TASK DETAILS: Pictures found in the material must be left out, and every line returned as written.

Start of DATASET SECTION

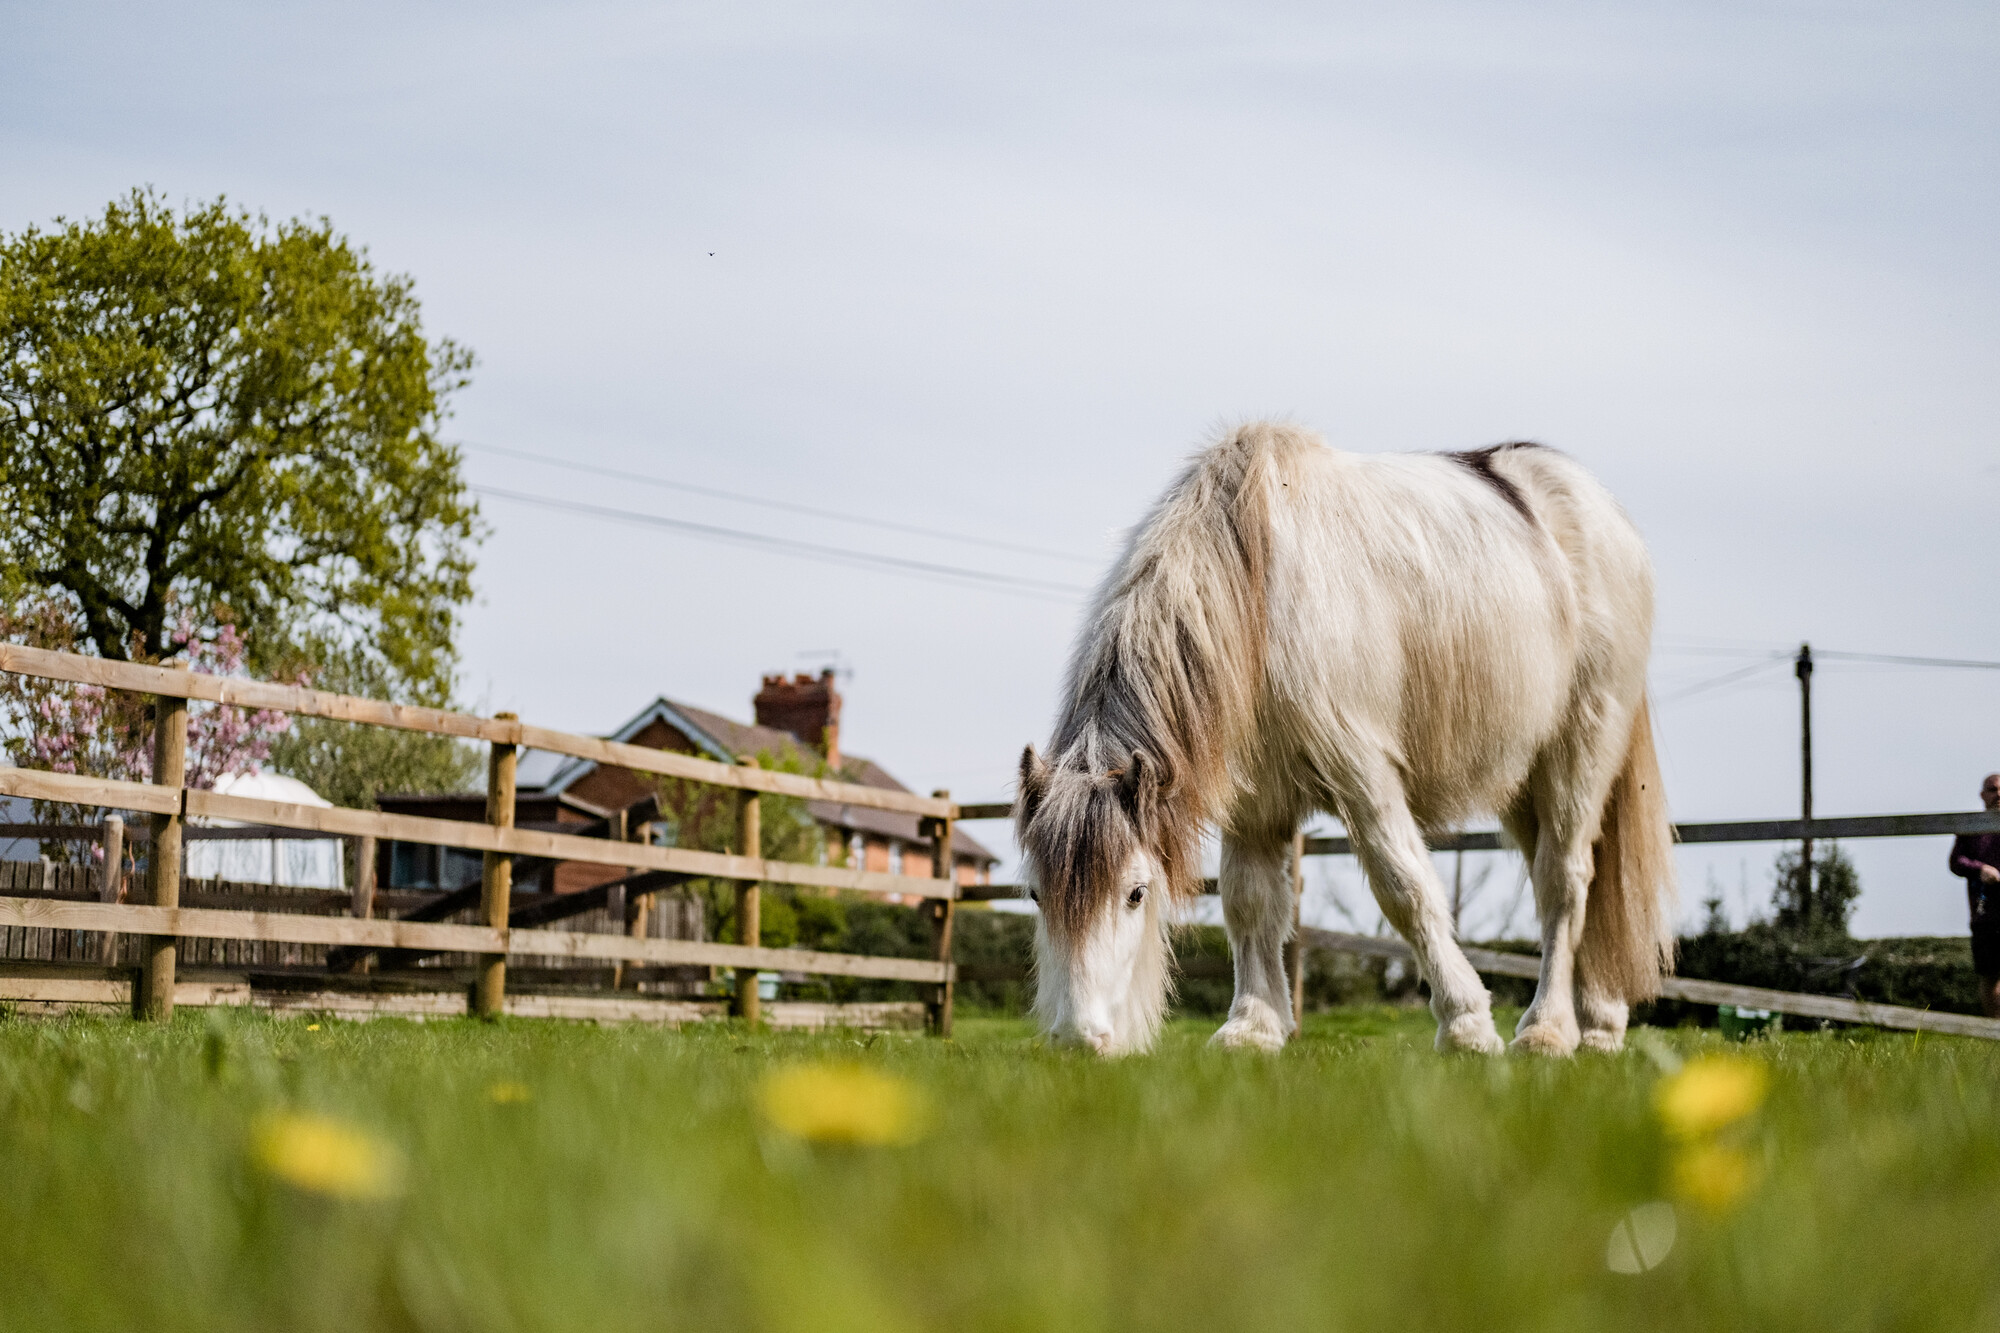 A grey pony grazes in their field.
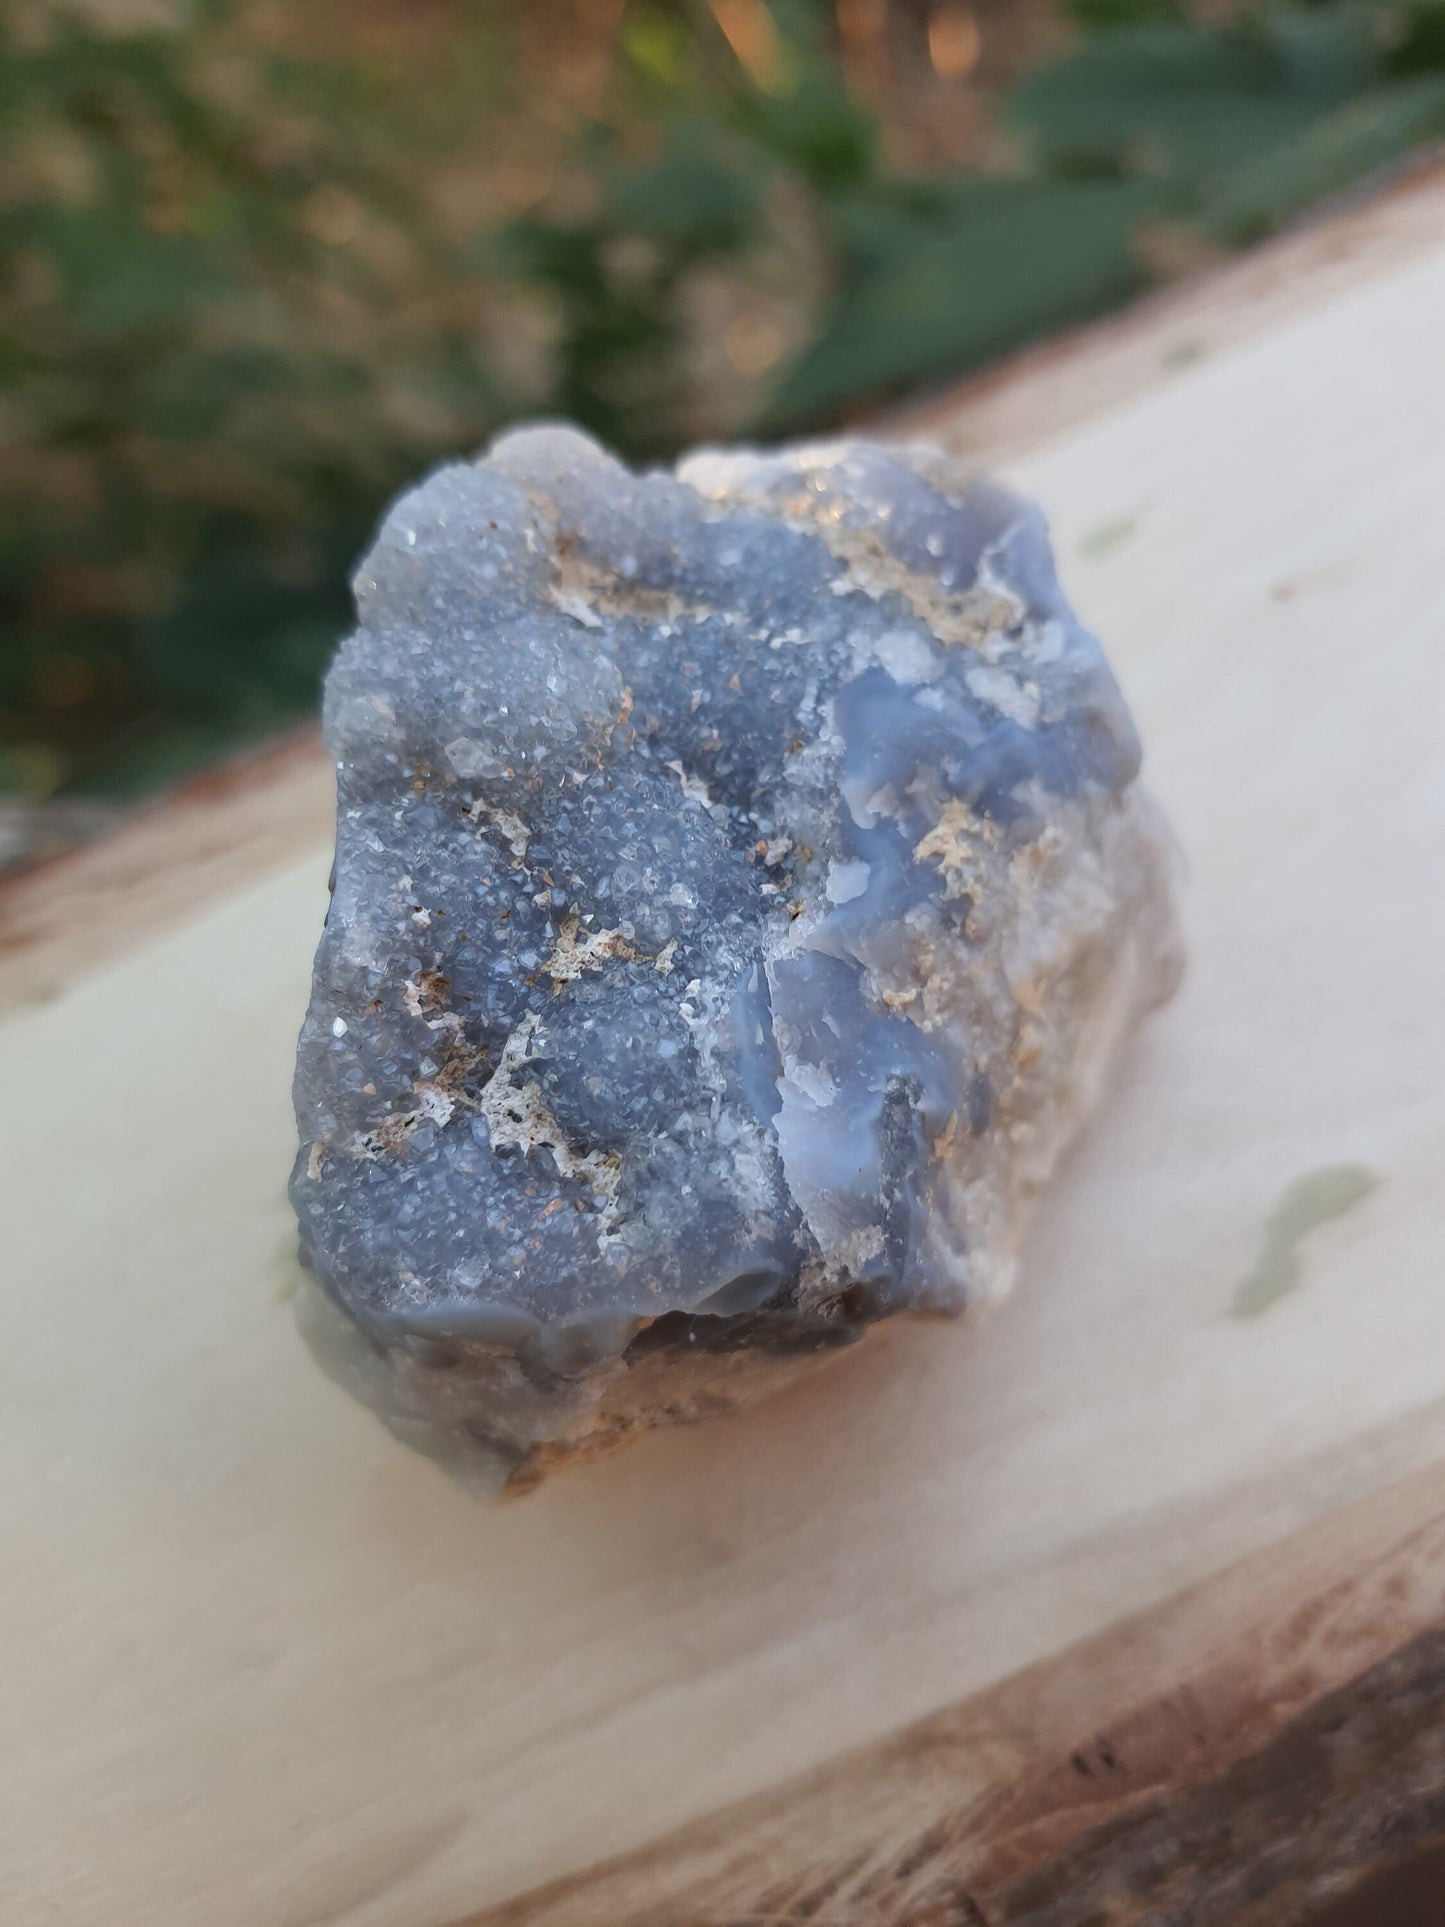 Blue Lace Agate Cluster, 113g Druzy Blue Lace Agate Geode, Sparkly blue Lace Agate, Blue Agate Crystal, Blue Lace Agate, Raw Crystal Cluster
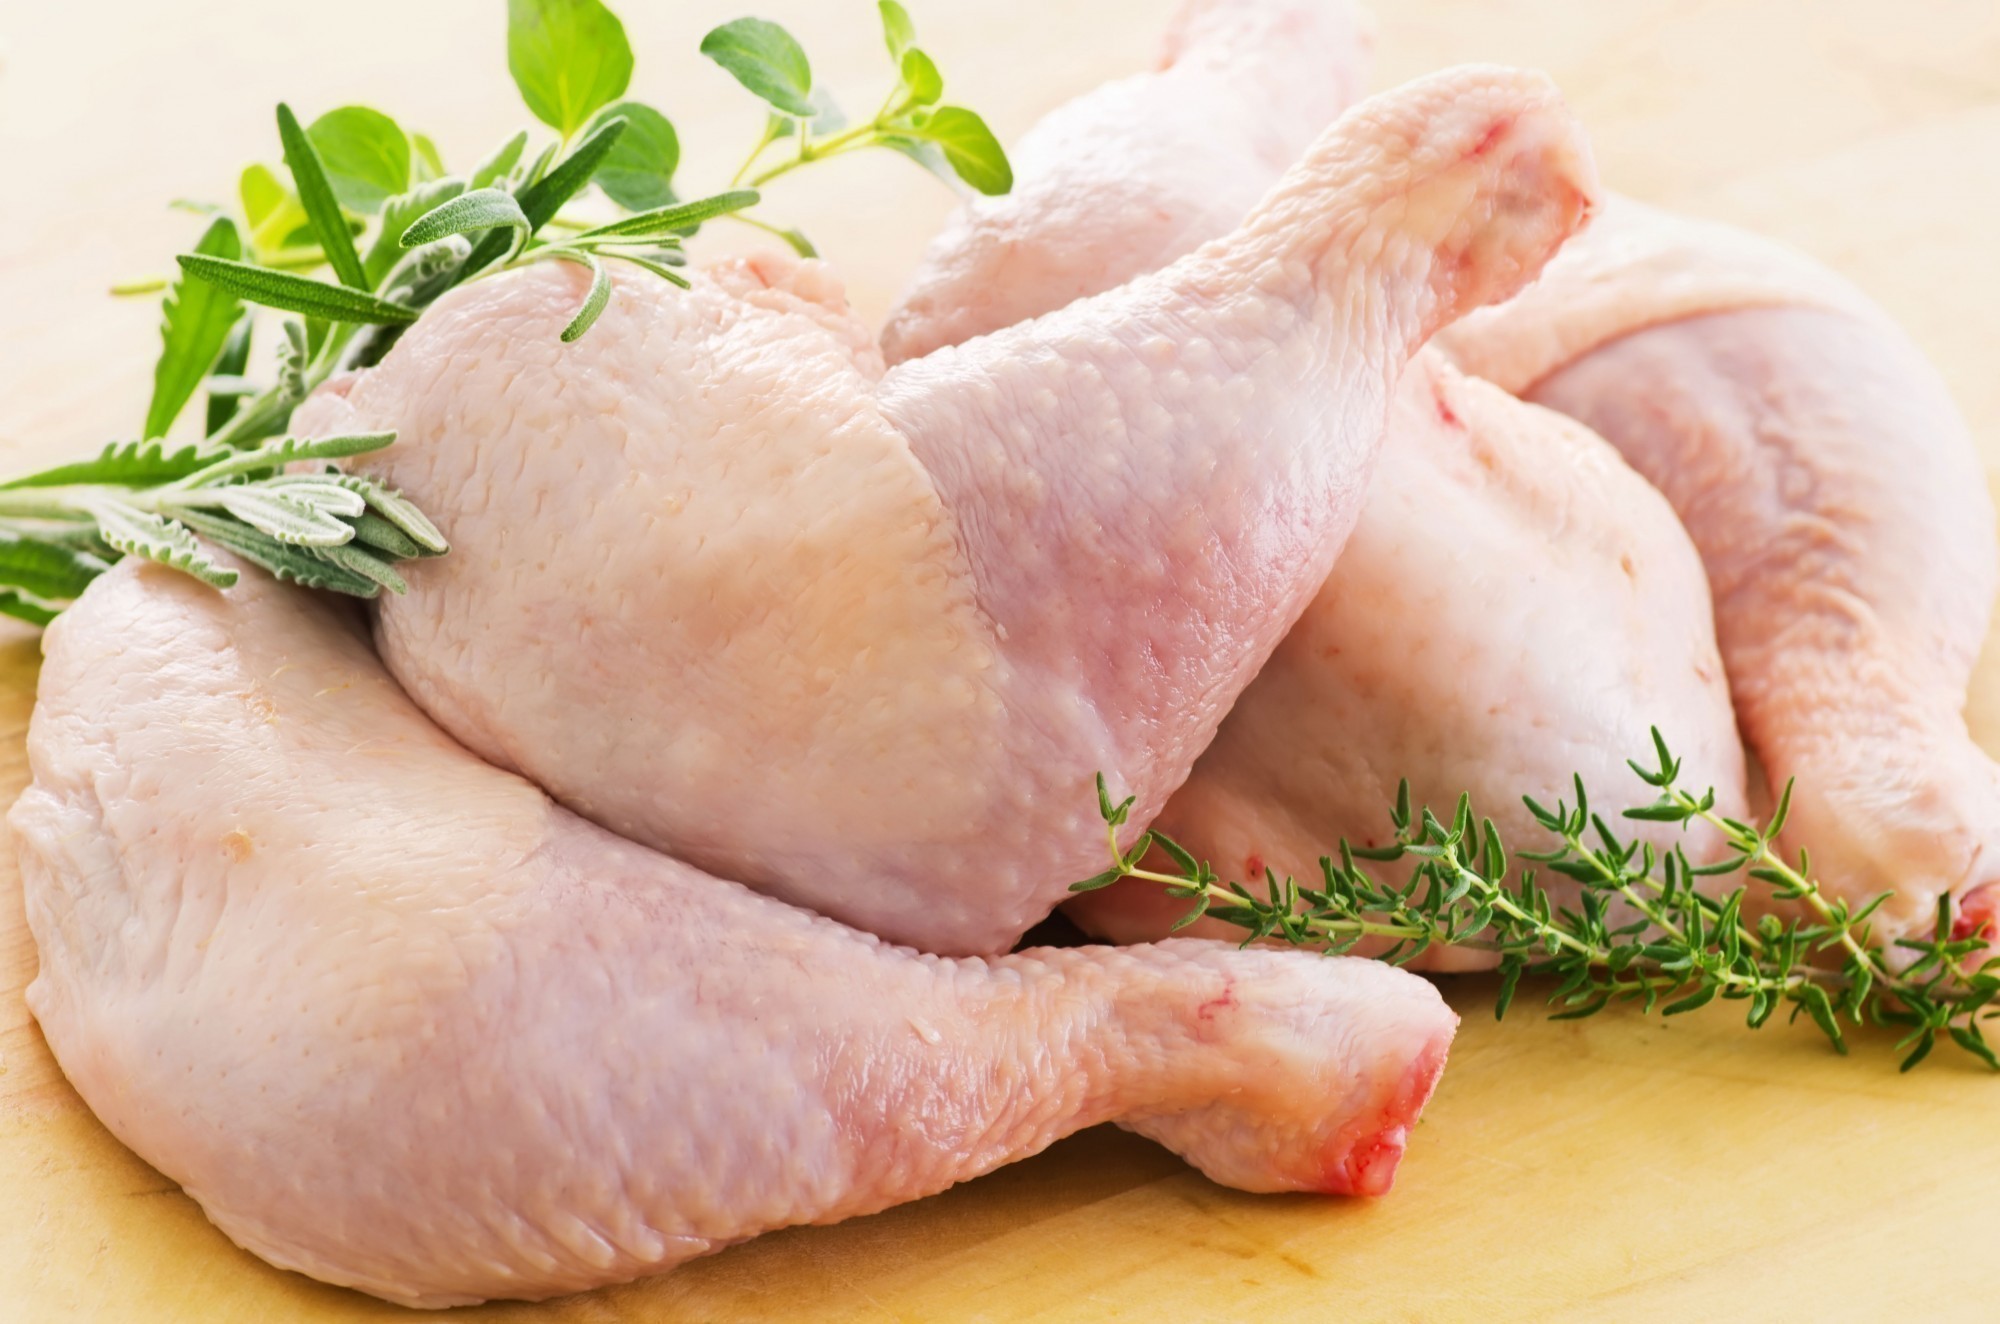 اضرار الافراط فى تناول الدجاج على صحة الإنسان اليوم السابع

End of DATASET SECTION

OUTPUT BELOW:
 A grey pony grazes in their field.
 Blue Lace Agate Cluster, 113g Druzy Blue Lace Agate Geode, Sparkly blue Lace Agate, Blue Agate Crystal, Blue Lace Agate, Raw Crystal Cluster
 اضرار الافراط فى تناول الدجاج على صحة الإنسان اليوم السابع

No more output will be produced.